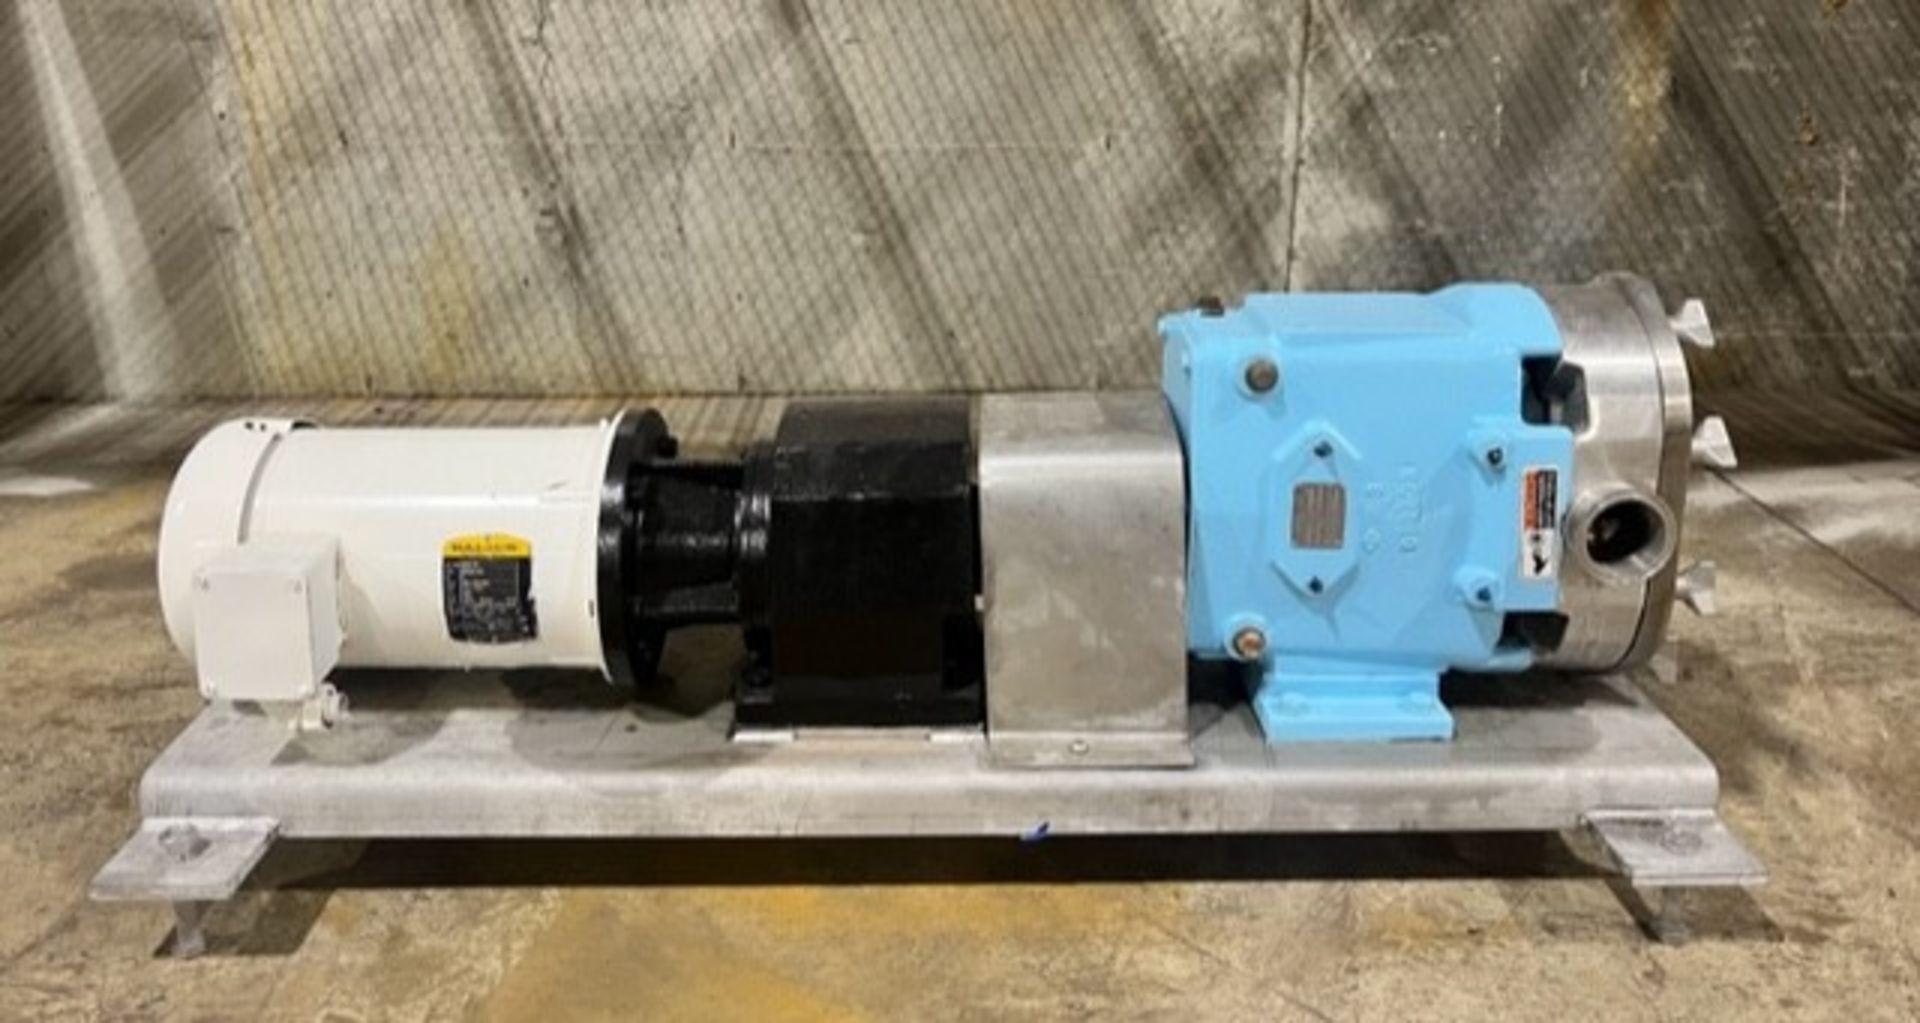 Waukesha Positive Pump, Model 060, S/N 318403 02 with 2.5" Inlet/Outlet, Stainless Rotors, Powered
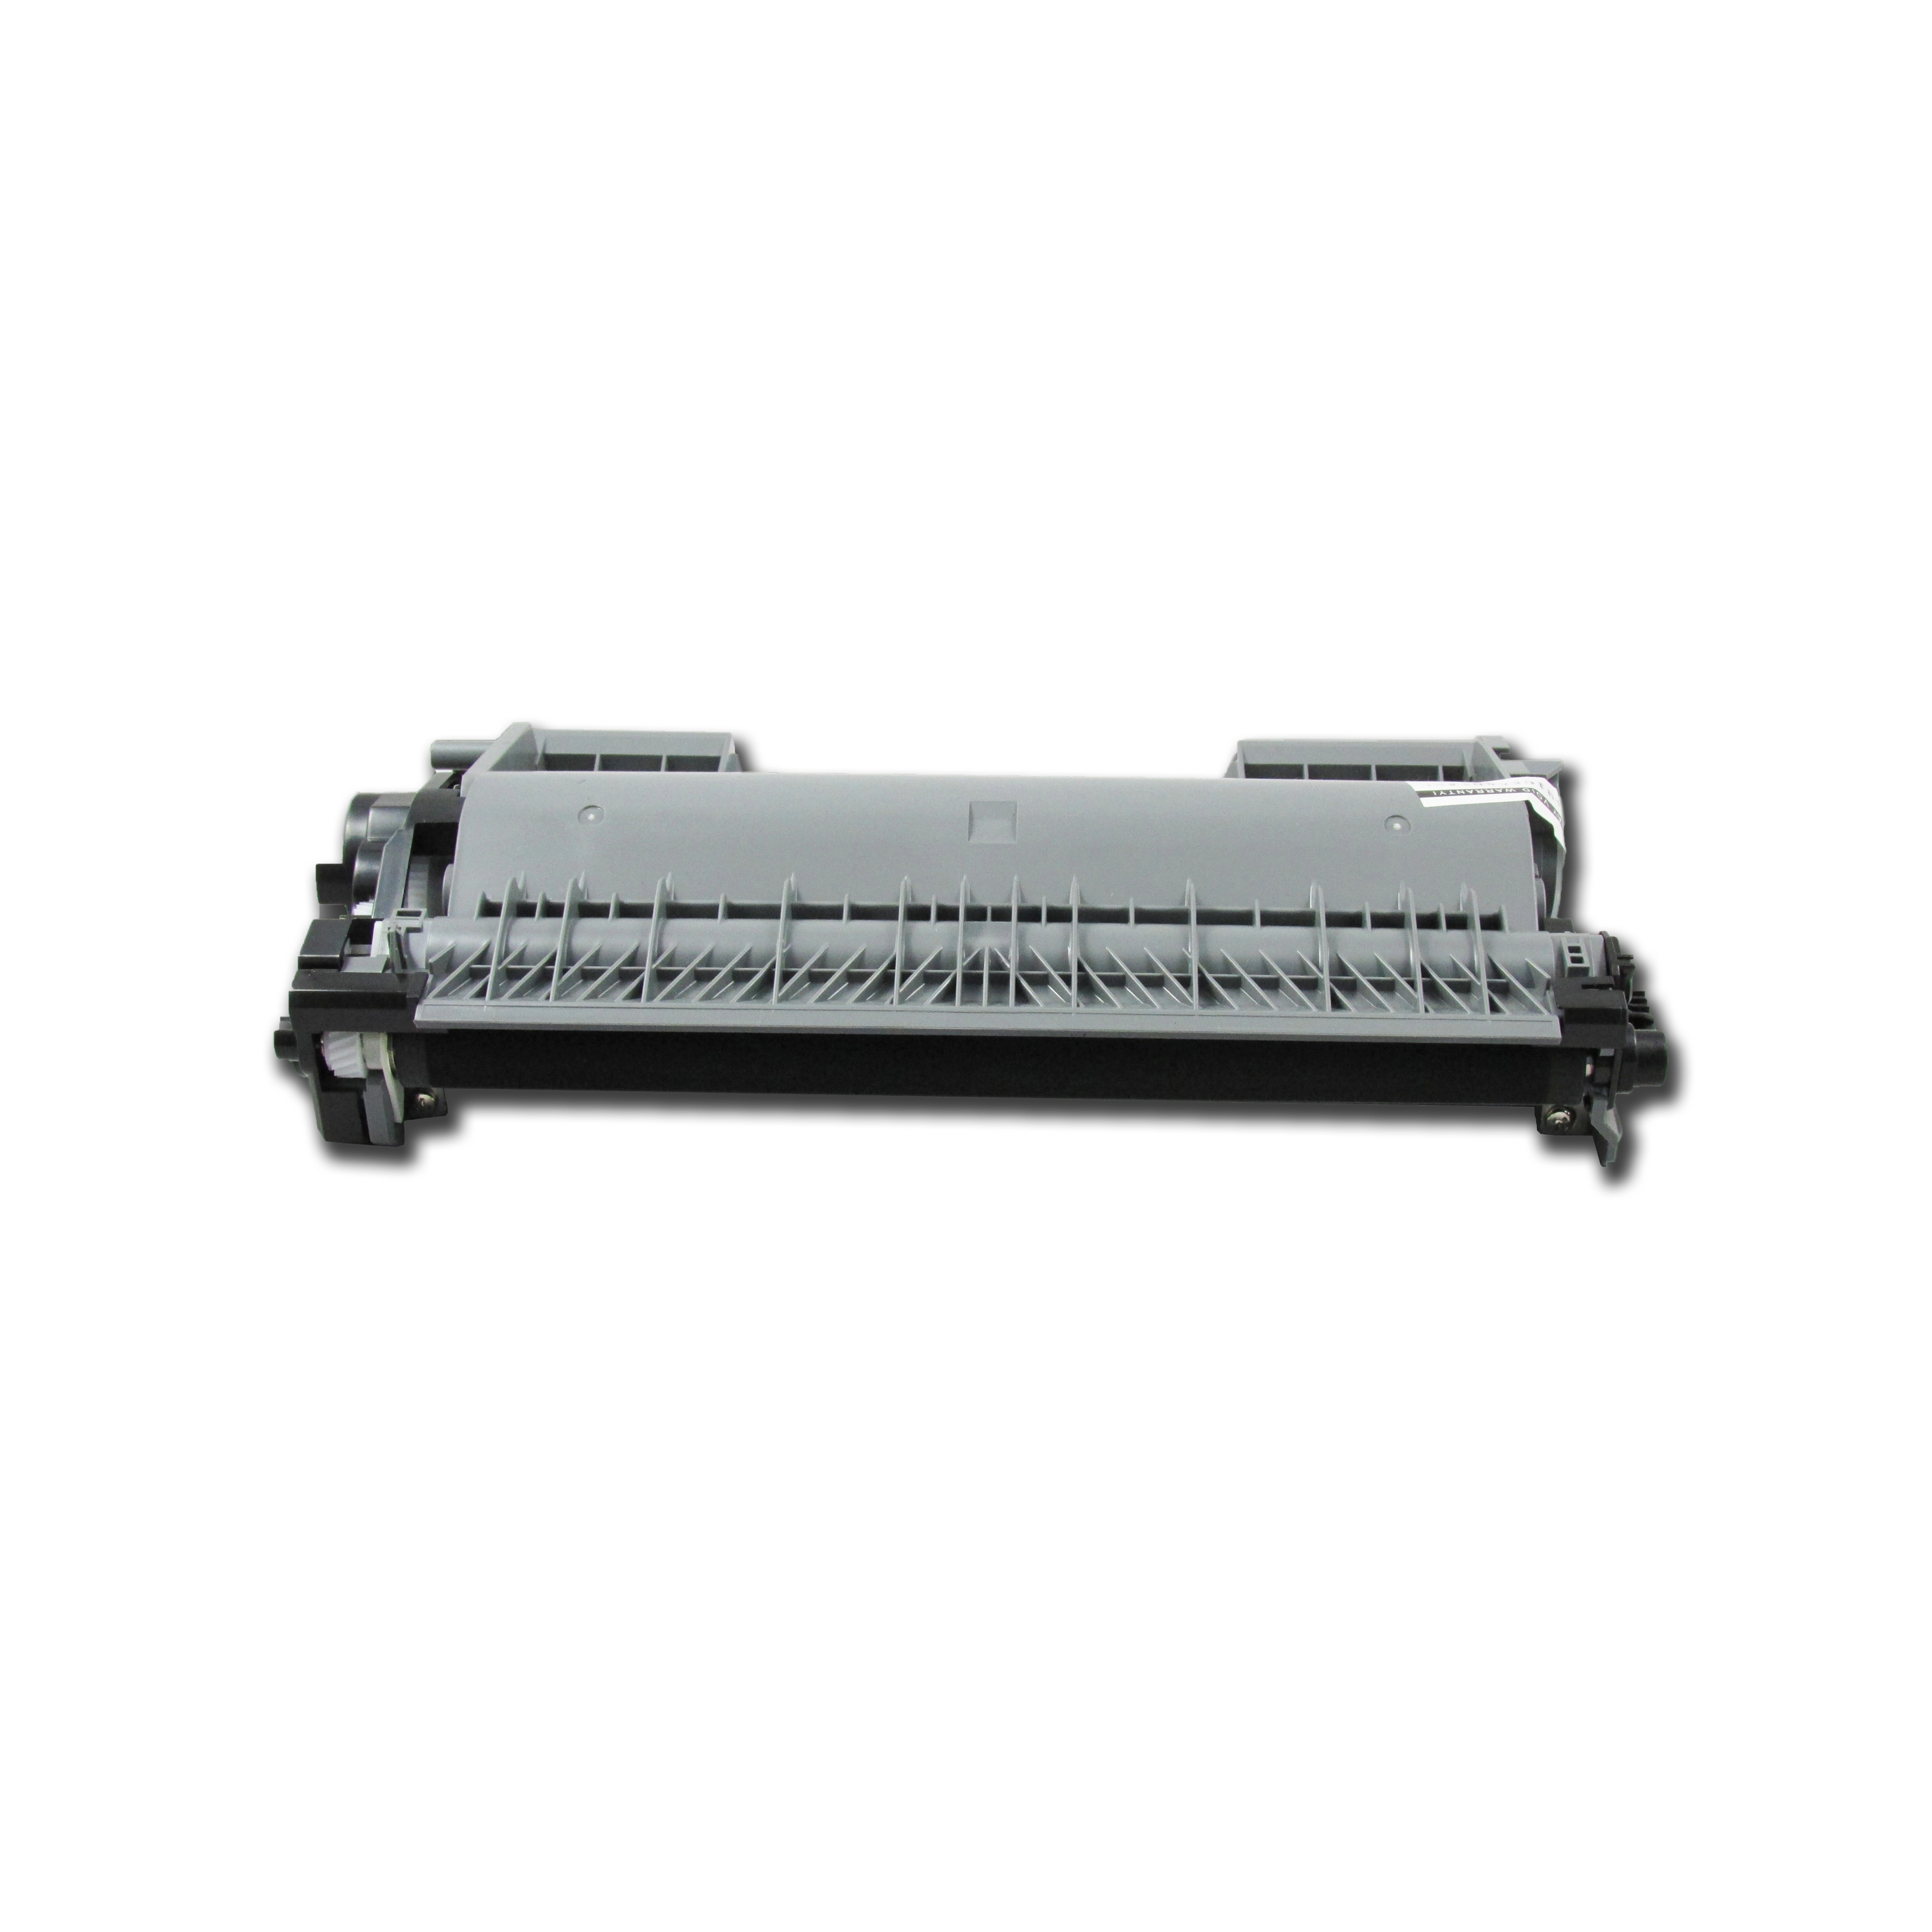 TN2240 toner cartridge Use For BROTHER DCP7060D, DCP7065DN.etc
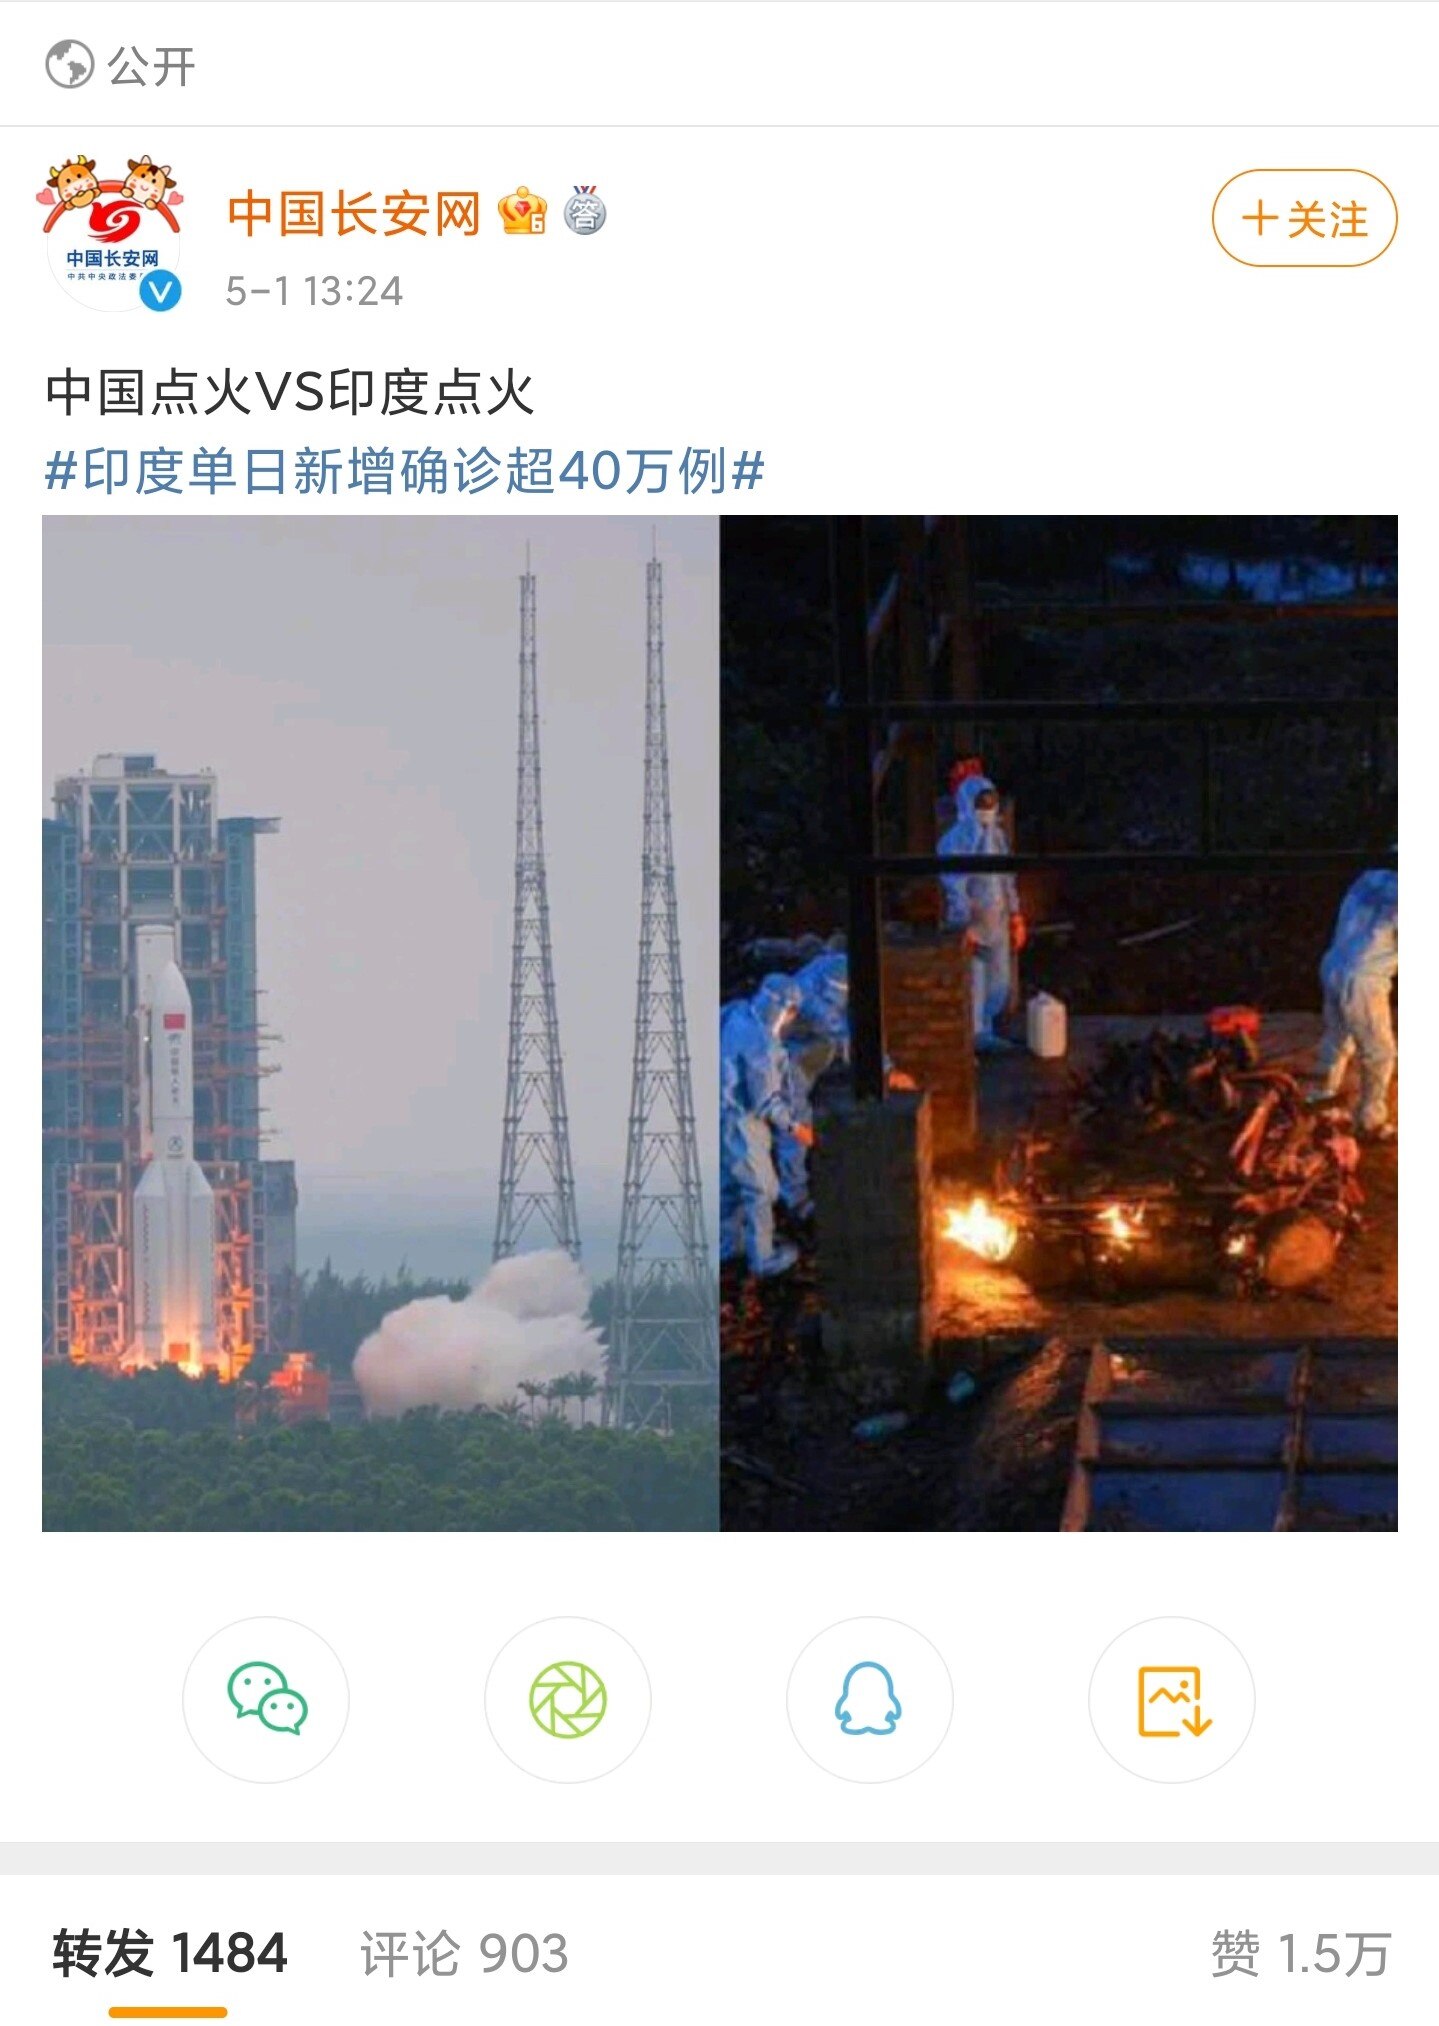 A social media post juxtaposes a Chinese rocket taking of with a mass cremation in India

- _Work order_
Where a picture appears in the listing above, skip it and set down all the rest exactly.

- _Answer to the exercise_
 Waukesha Positive Pump, Model 060, S/N 318403 02 with 2.5" Inlet/Outlet, Stainless Rotors, Powered
 TN2240 toner cartridge Use For BROTHER DCP7060D, DCP7065DN.etc
 A social media post juxtaposes a Chinese rocket taking of with a mass cremation in India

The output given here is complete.